L’histoire des mathématiques, pour le concept de Nombre comme pour tout autre concept, est exactement l’histoire, principiellement interminable, du rapport entre l’inconsistance de l’être-multiple et ce que notre pensée finie peut faire consister de cette inconsistance.

La tâche concernant le Nombre, et les nombres, ne peut être que de poursuivre et de ramifier le déploiement de leur concept. Le Nombre relève de la mathématique exclusivement, dès qu’il s’agit d’en penser les espèces, de les situer dans le macro-corps qui est leur lieu d’être. La philosophie énonce cette appartenance exclusive du Nombre à la mathématique et désigne où il se donne comme ressource d’être, dans les limites d’une situation, la situation ontologique, ou mathématique.

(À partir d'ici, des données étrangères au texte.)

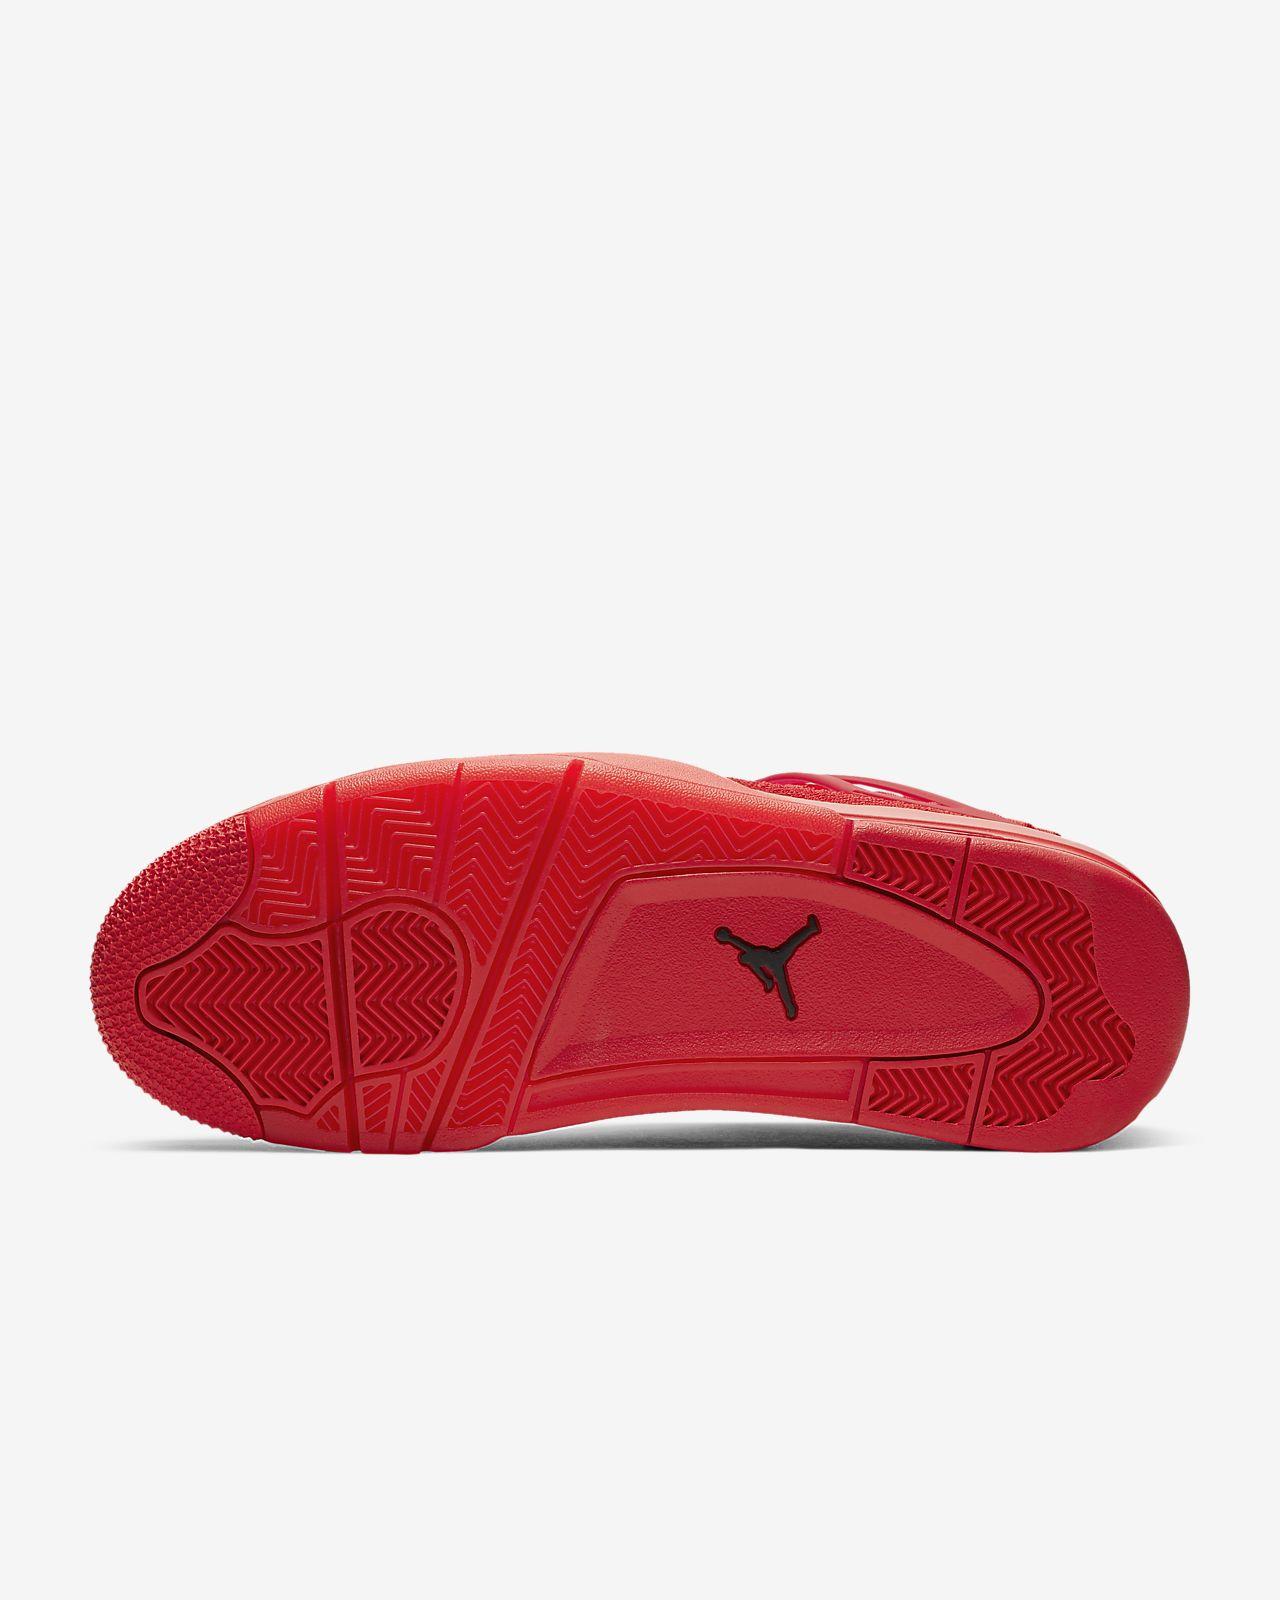 f354c31f499 Air Jordan 4 Retro Flyknit Men's Shoe. Nike.com

Il faut abandonner les voies suivies, pour la pensée du Nombre, par Frege comme par Peano, par Russell ou Wittgenstein. Il faut radicaliser, déborder, penser jusqu’au point de sa dissolution, l’entreprise de Dedekind ou de Cantor.

Il n’existe aucune déduction du Nombre, mais non plus aucune induction. Langage et expérience sensible sont en ce point des guides inopérants. Il s’agit seulement d’être fidèle à ce qui, de l’excès inconsistant de l’être, à quoi notre pensée, quelquefois, se noue, vient en trace historique consistante, dans le mouvement simultanément inachevable et éternel des refontes mathématiques.

On opposera cette densité inépuisable du concept ontologique de Nombre à la conception opératoire kantienne, qui rapporte le nombre au simple schème de la succession, tel que la forme transcendantale du temps, socle intime de la sensibilité, l’induit pour tout entendement constituant. D’où résulte que, pour Kant, l’idée d’un être du nombre est dépourvue de sens.

Mais sans doute la racine de cette opposition réside-t-elle à la fin, comme toujours, dans ce qui, pour Kant, tient lieu de décision ontologique. Que cette ontologie soit soustractive, c’est l’évidence, dès lors que la « chose en soi » nous demeure inaccessible. Qu’elle soit impossible ou inexistante n’en est pas moins une simple interprétation vulgaire de Kant, comme Heidegger en a eu la forte intuition.

Il est dès lors éclairant, dans ce parcours sur la pensée de l’être, de traverser les lieux kantiens d’une pensée de l’être.